J-Horror fans united! I think. Anywho, I love The Grudge and all it’s iterations, including the manga adaptations and sketchy sequels. Brannyk didn’t choose our first Throwdown movie. Imagine finding out that Ju-On is getting a Netflix series!
3 binged hours later, I have questions.
It says season 1 and is 6 episodes long. Japan’s live action tv shows are usually 12 episodes long. This is long hand for saying I doubt the show is finished, so there isn’t a satisfying conclusion.
The tone and atmosphere is always mute or tense. Take that however you will. Sometimes it works and sometimes no. There are genuinely scary moments, but nothing to write home about.
Trigger Warning: The show depicts rape and I plan to spoil and expand on that portion of the timeline. Know it before venturing forth.
What did You Expect?
With a title like Ju-on: Origins, I thought Kayako and family would haunt viewers in a less ghost-y way. Don’t sit around and wait them. They never show. They pay a lot of homage to the original source material, but not in an unbearable rehash kind of way.
Since the sequels of Ju-On became more streamlined, I didn’t expect the anachronistic ordering (the original did this). More on that later.
Honestly, the series feels like what might have been if The Grudge 2020 turned into a tv show. (What the movie needed to be good.)
Ju-On Not Made for the USA
If you listen to the commentary track of The Grudge 2003, the culture differences and how both the actors and director needed to learn and adjust themselves accordingly pop up frequently. Without that American grounding, some things you need to either learn quick or know already.
The movie tropes like nobodies business. But these are Japanese tropes, so American audiences might not relate. If you are familiar, congratulations! You see everything coming a mile away.
I didn’t pay much attention to costume design until I watched this video addressing the importance of it. As par for the course the outfits and hair say who they are as people. Watching a lot of Japanese movies, I know that this :
is an outdated look.
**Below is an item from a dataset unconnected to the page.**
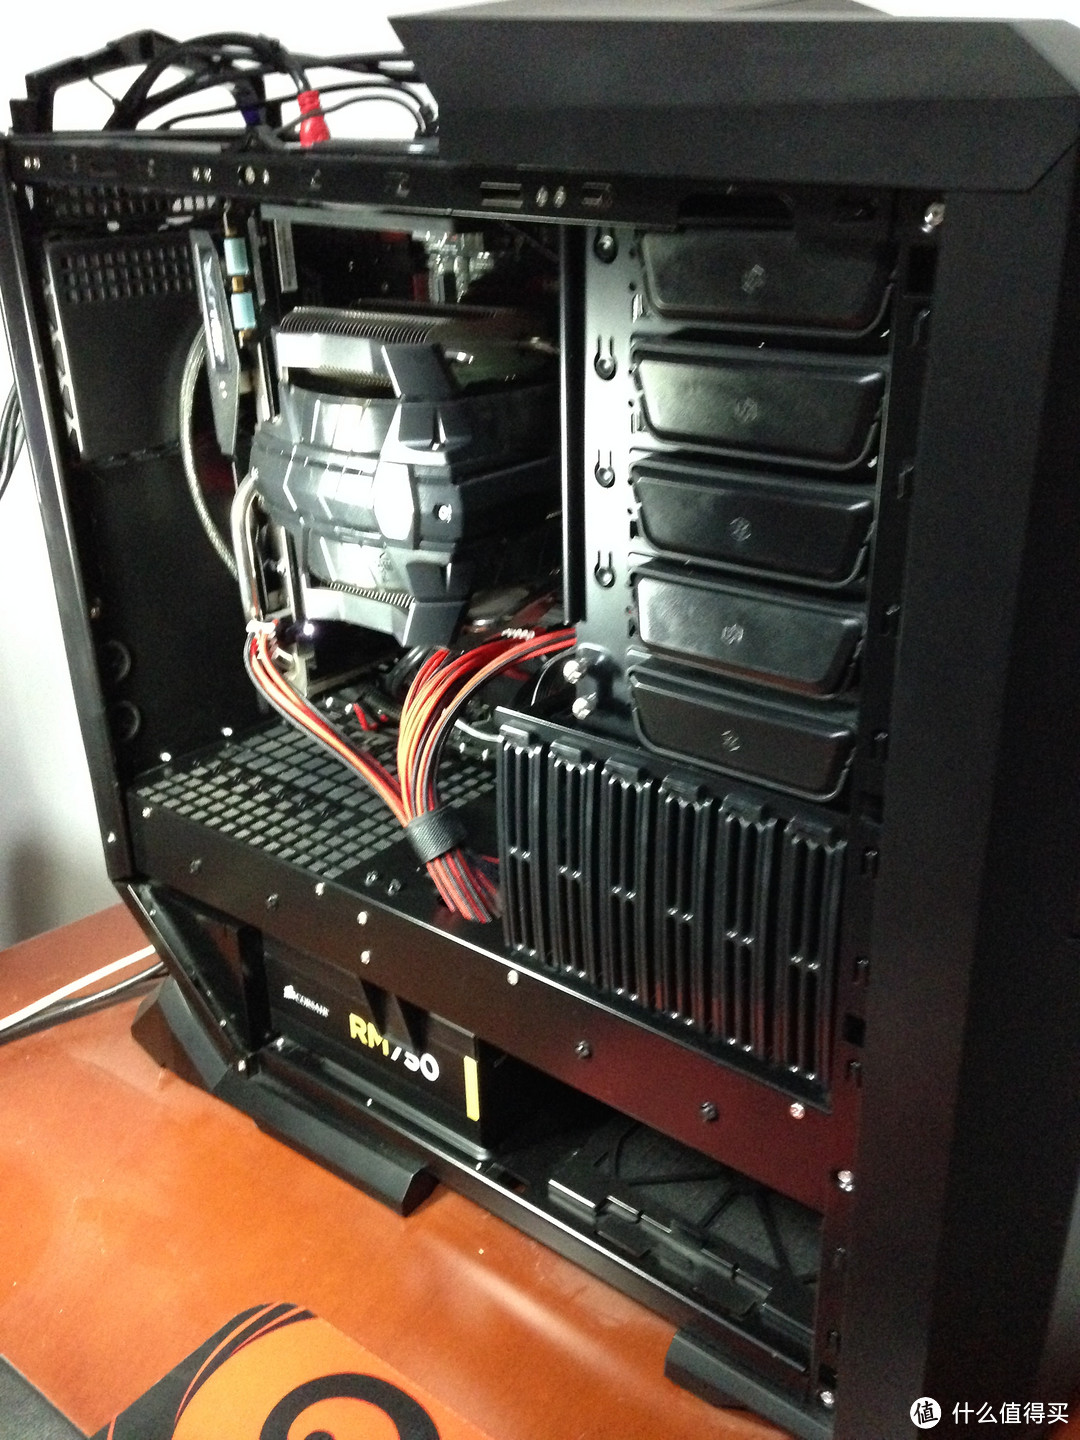 WD 西部数据 红盘 4TB 台式机硬盘选购及检测过程

Instinctively, I pick up on the timey-wimey shenanigans going on. The show doesn’t clue you in until the beginning of the second episode; it only tells you what it wants you to know in that moment. This gets frustrating to keep track of characters.
Yes. The original did this, but was at most a 2 hour movie whose segments were divided by the people: Katsuya, Izumi, Rika. And The Grudge 2003 specifically changed this storytelling device to smooth over any confusion. Pulp Fiction, Origins is not.
Rape and All That Entails
Two bullies whisk someone somewhere abandoned, a guy rapes her, and then blackmails her. It’s a common enough depiction in Japan storytelling. The rape itself I have no problem with because it serves A LOT of purpose in the story.
The rape puts all of them in the house, shows the girl’s virginity (which is important to develop 3 parent-child relationships), leads to a kid (I think. It got weird), and provides decent blackmail. The reactions are my issue.
Let’s wave away some things with a ‘the house made them crazy’ argument. Why did the bully give the girl the blackmail photos? Why did the guy decide to take responsibility for the rape? I mean he was dating bully girl before and acted totally apathetic to his victim. Okay, she blackmails him with the photos bully handed over, but then how was bully supposed to use them?
A large chunk of the story hinges on the rape. It needs to make sense.
And as long as I’m spoiling things, people melted. It was funny.
As it stands? (2.5 / 5)
I don’t dislike it, and it isn’t finished yet. Mostly I’m confused and need people to nerd out and compare notes here. When season 2 comes out, maybe everything will be clear. If I retain the necessary info from season 1.